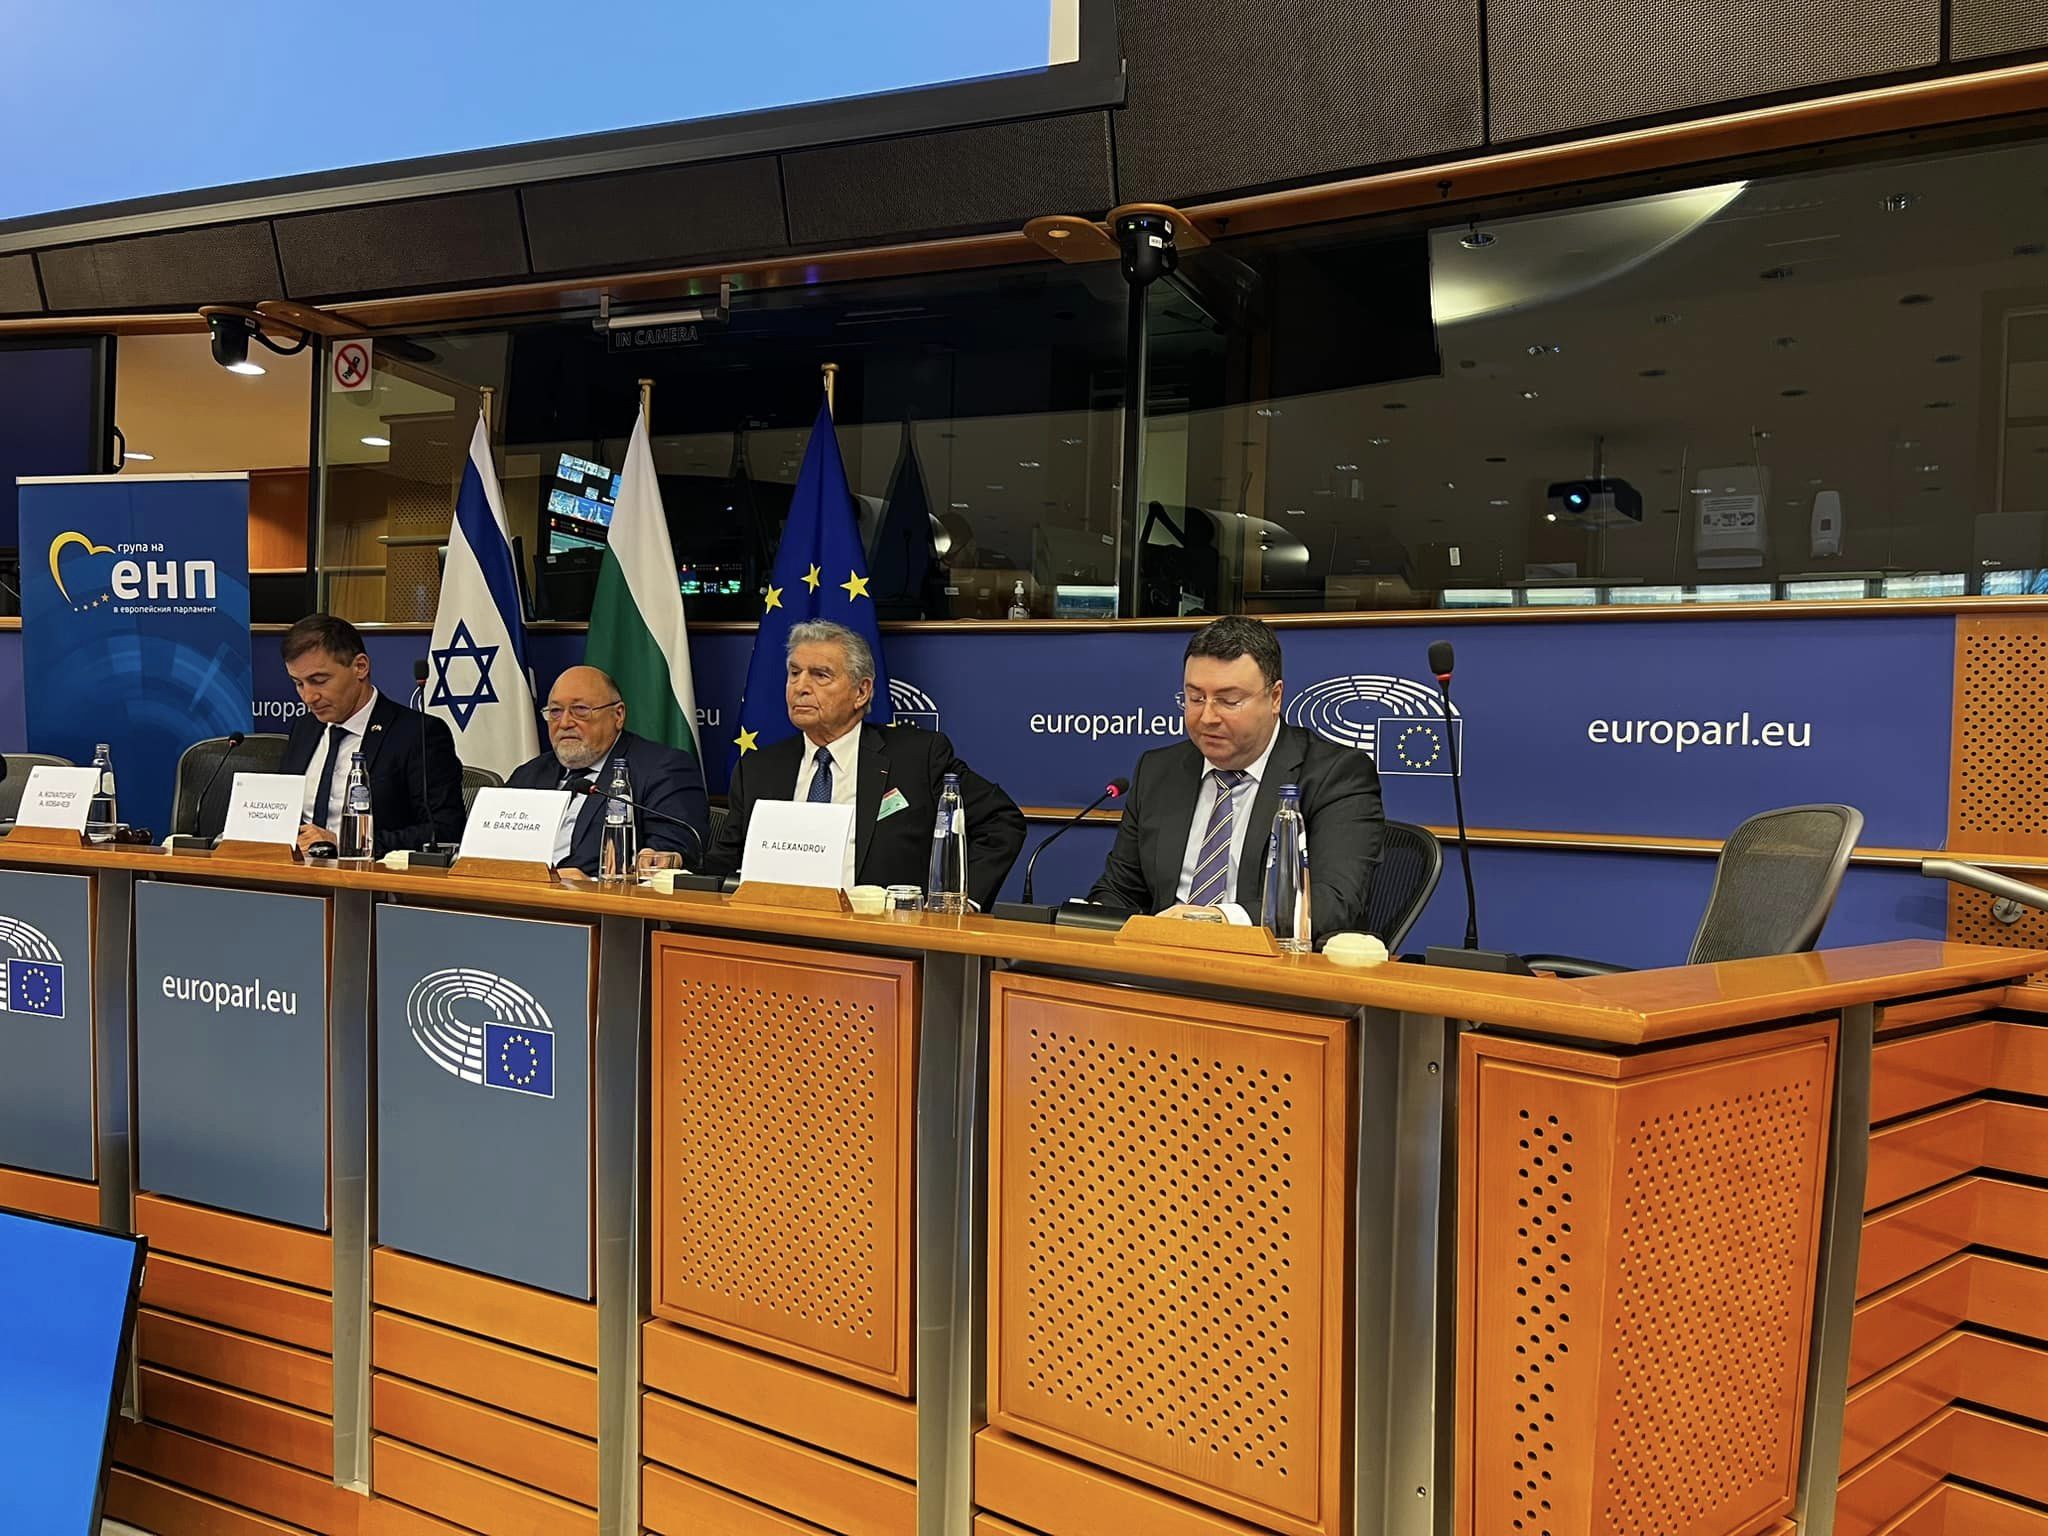 The 80th anniversary of the rescue of Bulgarian Jews during the Second World War was celebrated in the European Parliament
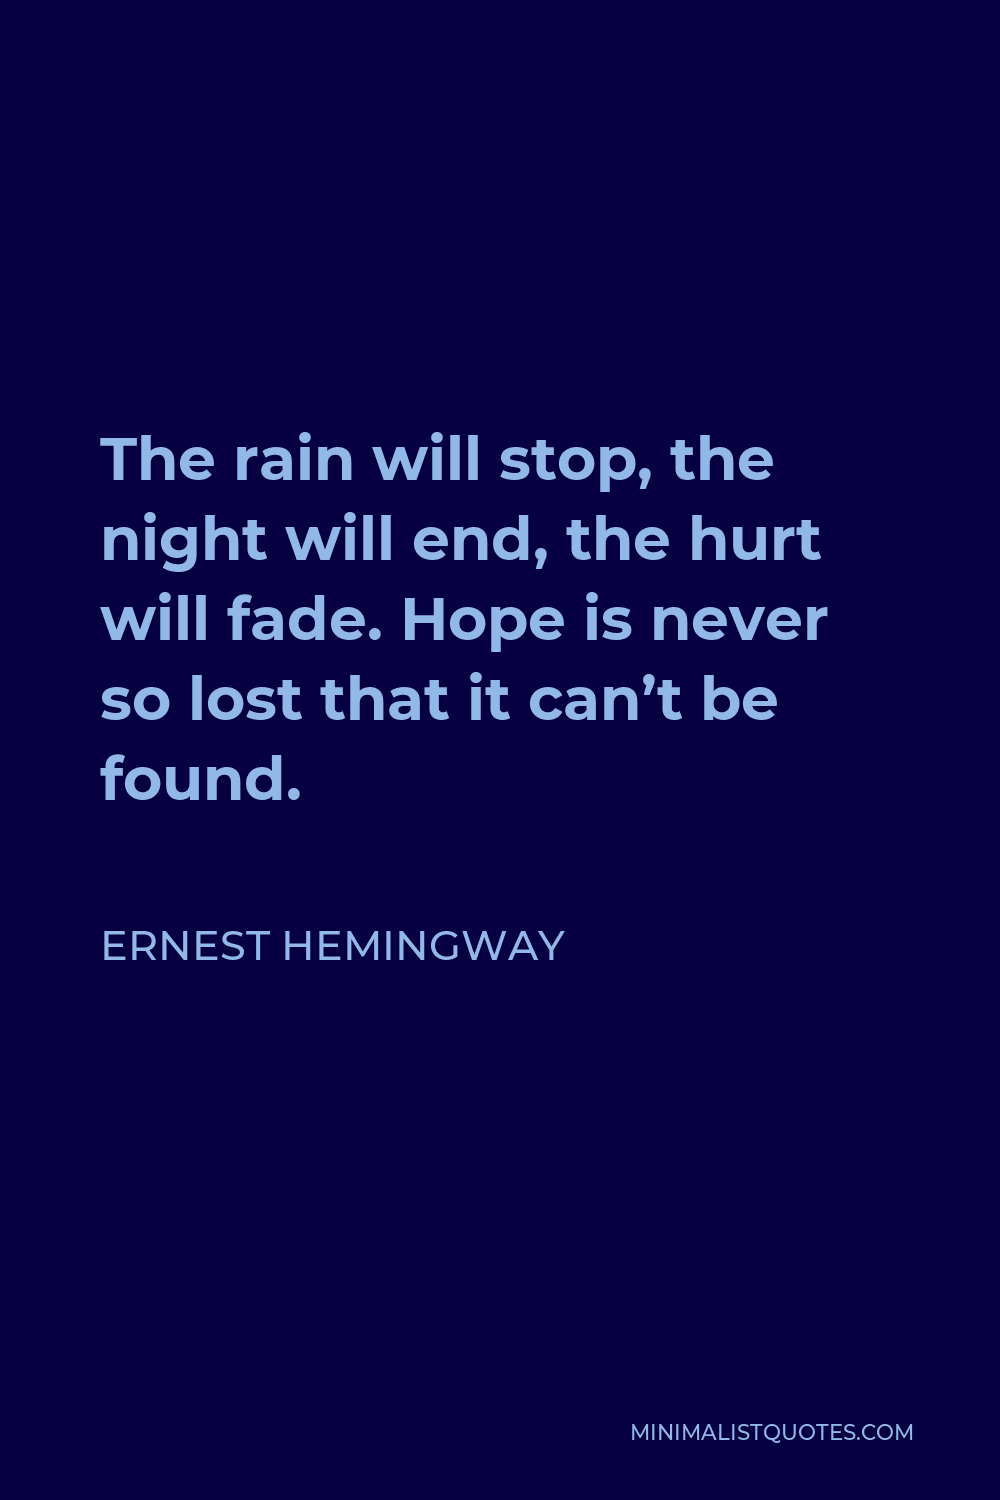 Ernest Hemingway Quote: The rain will stop, the night will end, the ...
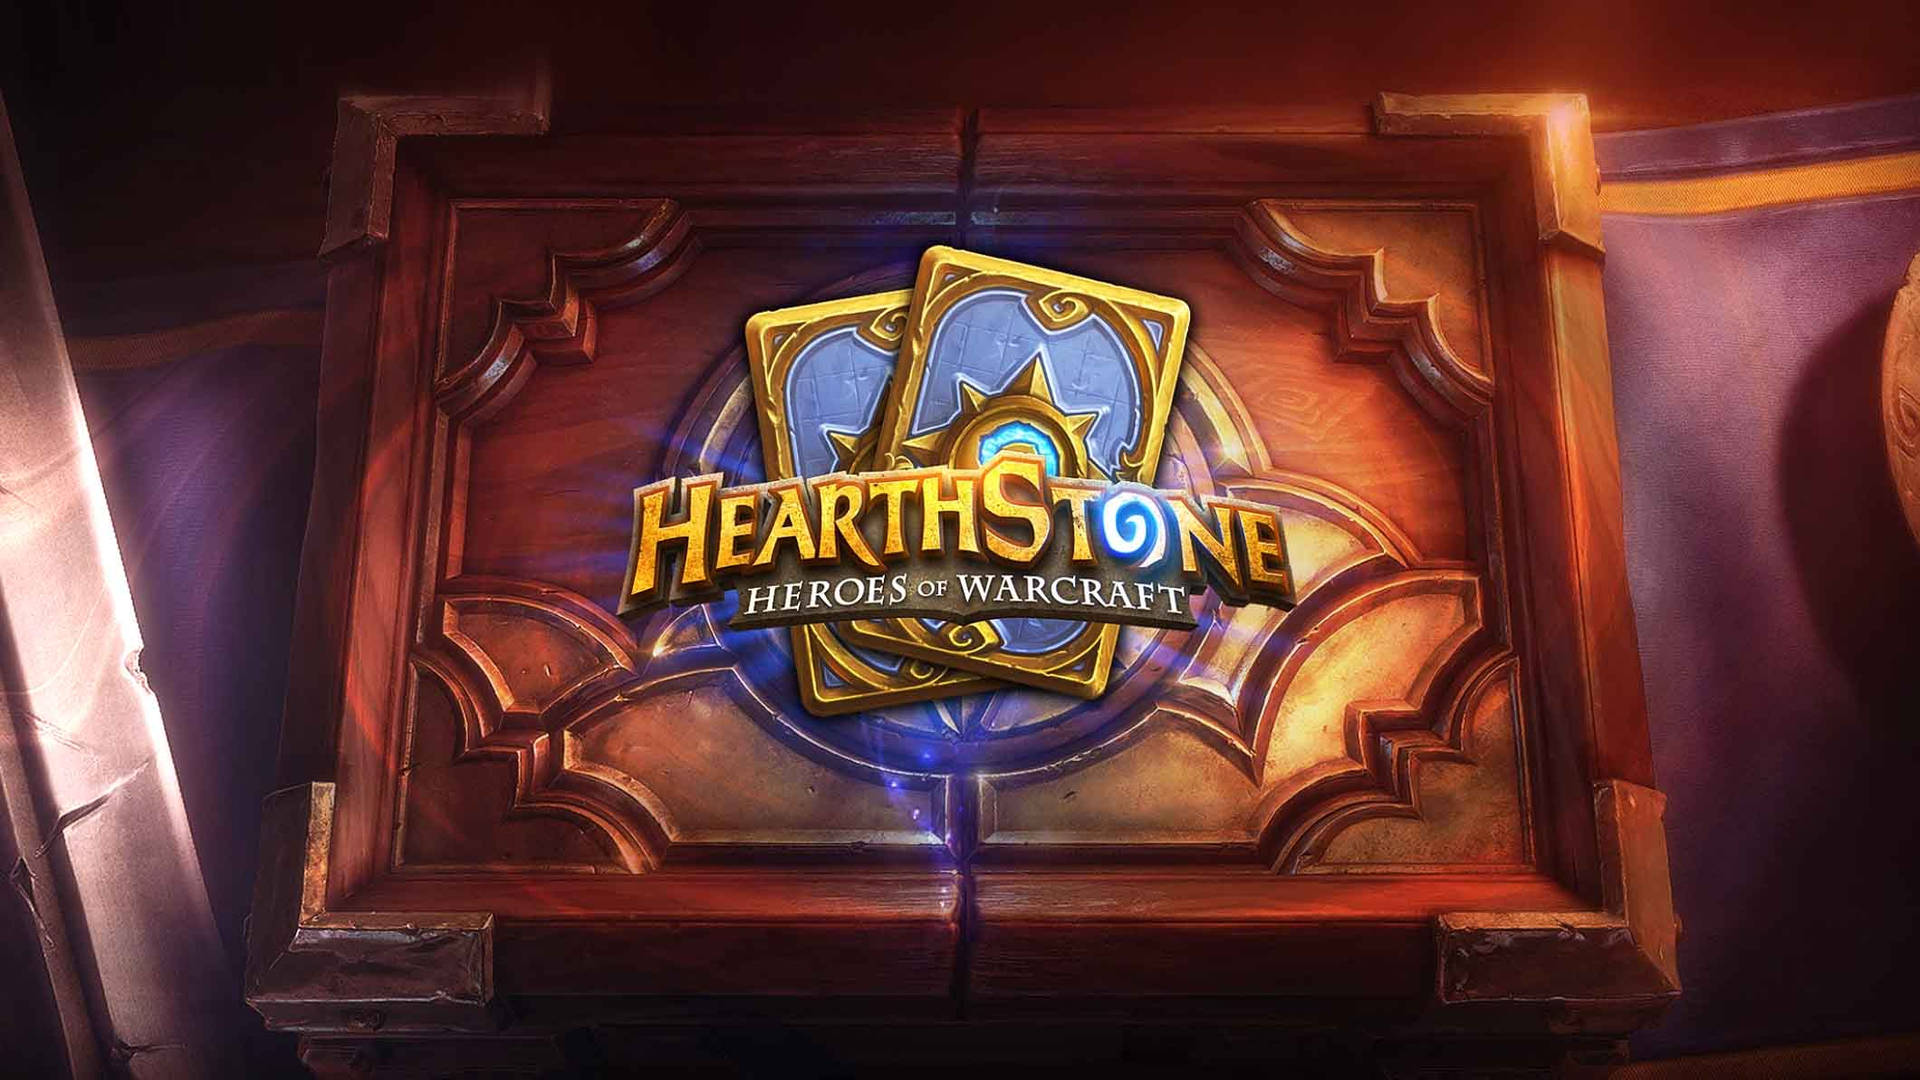 Legendary Hearthstone Card Game in Action Wallpaper

**YOUR GOAL**
In your copy, the listing above should appear word for word, with no images.

**EXERCISE OUTPUT**
 The 80th anniversary of the rescue of Bulgarian Jews during the Second World War was celebrated in the European Parliament
 Ernest Hemingway Quote: The rain will stop, the night will end, the ...
 Legendary Hearthstone Card Game in Action Wallpaper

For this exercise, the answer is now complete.